Tesco to merge with Britain's biggest food wholesaler Booker in £3.7bn deal

The companies said the deal would create the "UK's leading food business"

Charles Wilson, CEO of Booker, shakes hands with Tesco CEO Dave Lewis
Charles Wilson, CEO of Booker, shakes hands with Tesco CEO Dave Lewis

Shares in Tesco shot up close to 10 per cent on Friday after Britain's biggest retailer announced that it was merging with Booker, the UK's top food wholesaler, in a £3.7bn deal.

In a joint statement, the two companies said that the combined group would bring benefits for consumers, independent retailers, caterers, small businesses, suppliers, and colleagues, and deliver “significant value to shareholders”.

"This merger [..]. will further enhance Tesco's growth prospects by creating the UK's leading food business with combined expertise in retail, wholesale, supply chain and digital," the chief executive of Tesco, Dave Lewis, said.

Richard Lim, chief executive of Retail Economics said Tesco's announcement to merge with Booker, the owner of will be a "game changer" in the food industry.

“As shopper behaviour continues to evolve rapidly, the new group will be well placed to capitalise on home shopping and the increasingly important area of eating out which has been the growth driver of the experience economy,” he said.

Under the terms of the deal, each Booker shareholder will receive 0.861 new Tesco shares and 42.6 pence in cash.
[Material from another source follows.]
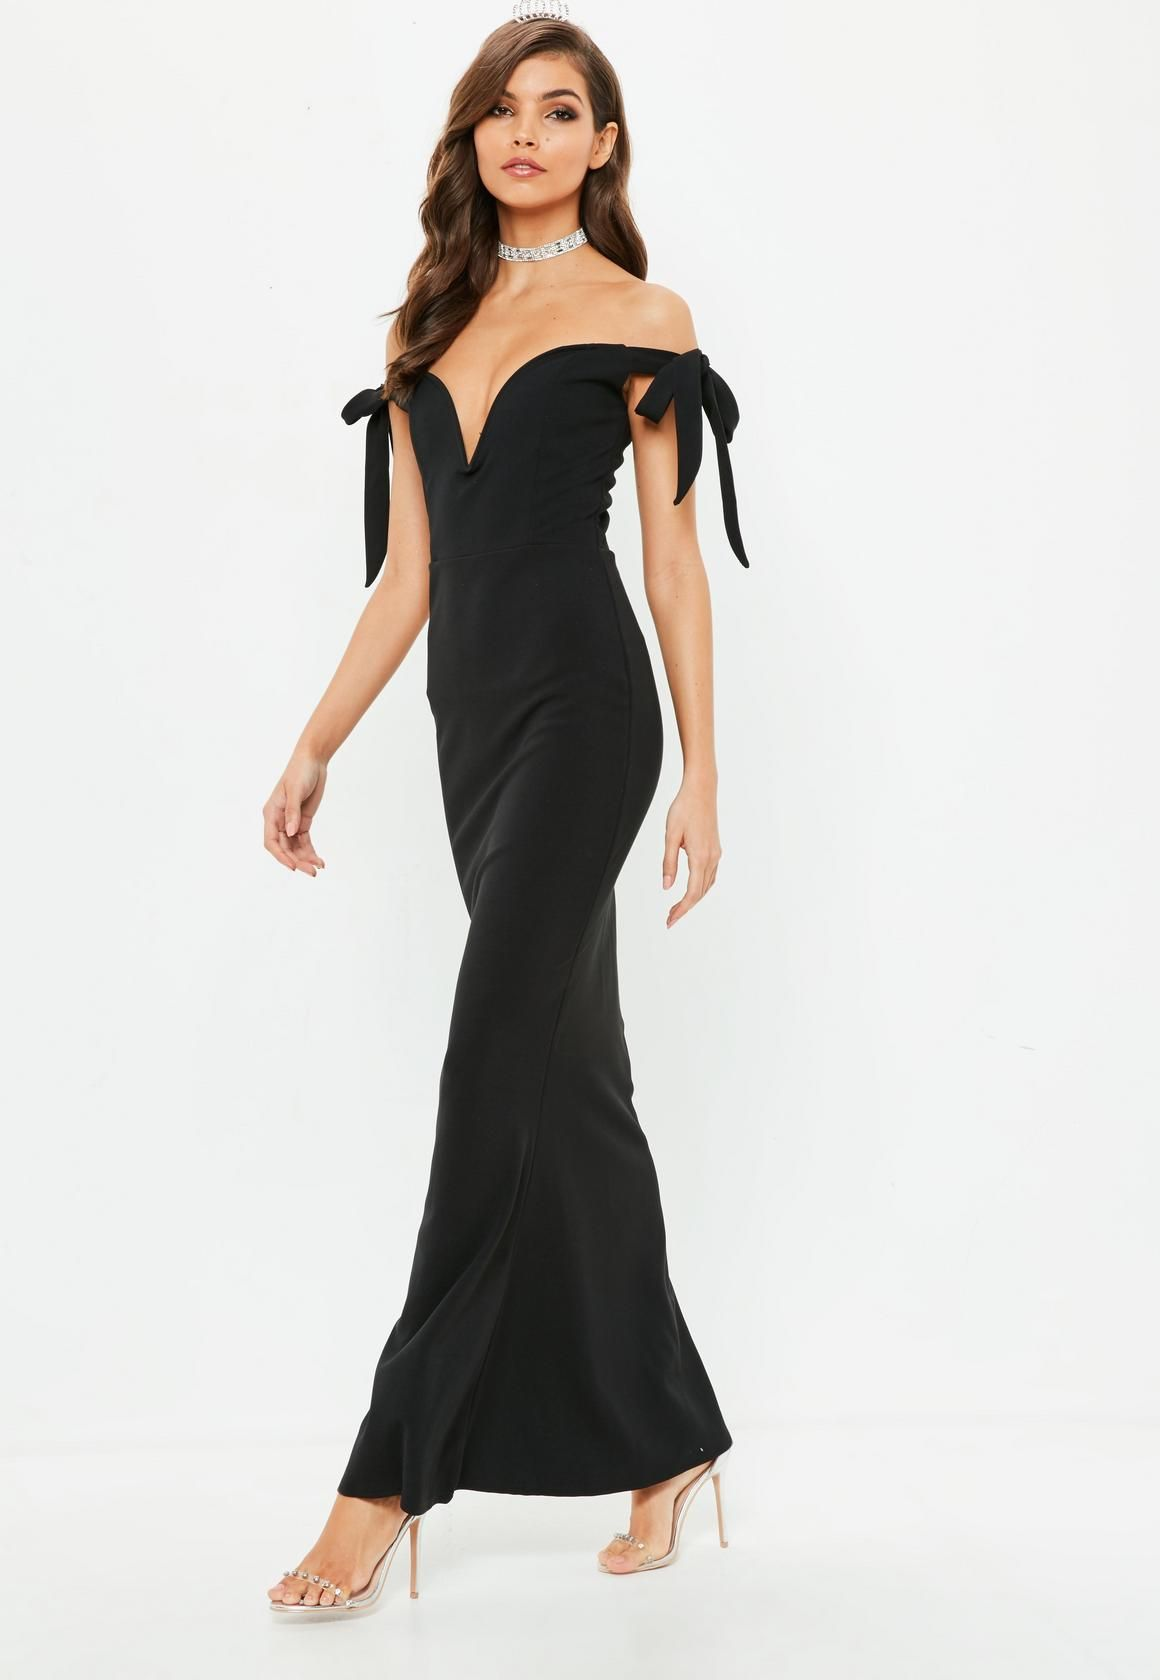 Missguided Black Sweetheart Neck Bardot Tie Maxi Dress Trending Dresses Dresses Tie Maxi Dress [ 1680 x 1160 Pixel ]

Based on Tesco’s closing share price on Thursday, the deal values each Booker share at 205.3p, which represents a premium of approximately 12 per cent to their closing price.

After the merger, Booker shareholders will own approximately 16 per cent of the combined group. Booker shares ended the day almost 16 per cent higher.

Tesco has endured a turbulent few years and has been plagued by a major accounting scandal but the latest deals shows that it is cementing its status within the industry.

In September 2014, the supermarket admitted that it had identified a £250m overstatement of first-half profits for that year.

The UK’s supermarket watchdog later found that Tesco deliberately and repeatedly withheld money owed to suppliers to boost its sales performance artificially, in a serious breach of supermarket regulations.

Scores of investors sued the company as a result of a dramatic fall in the group's share price, alleging they lost millions because they bought shares on the basis of misleading accounts.

But more recently, the company has managed to move on from that. It's focused hard on reviving its main grocery business in its home market, selling its South Korean business and divesting in Turkey too. It's also sold off its Giraffe restaurant chain.

Late last year market researcher Kantar Worldpanel said Tesco's sales were rising at the fastest pace for three years.

The merger is subject to approval by regulators and is expected to be completed in late 2017 or early 2018, the two companies said.

Greenhill has been appointed as lead financial adviser to Tesco, with Barclays acting as financial adviser, sponsor and corporate broker and Citi acting as financial adviser and corporate broker. JP Morgan Cazenove is financial adviser and corporate broker for Booker.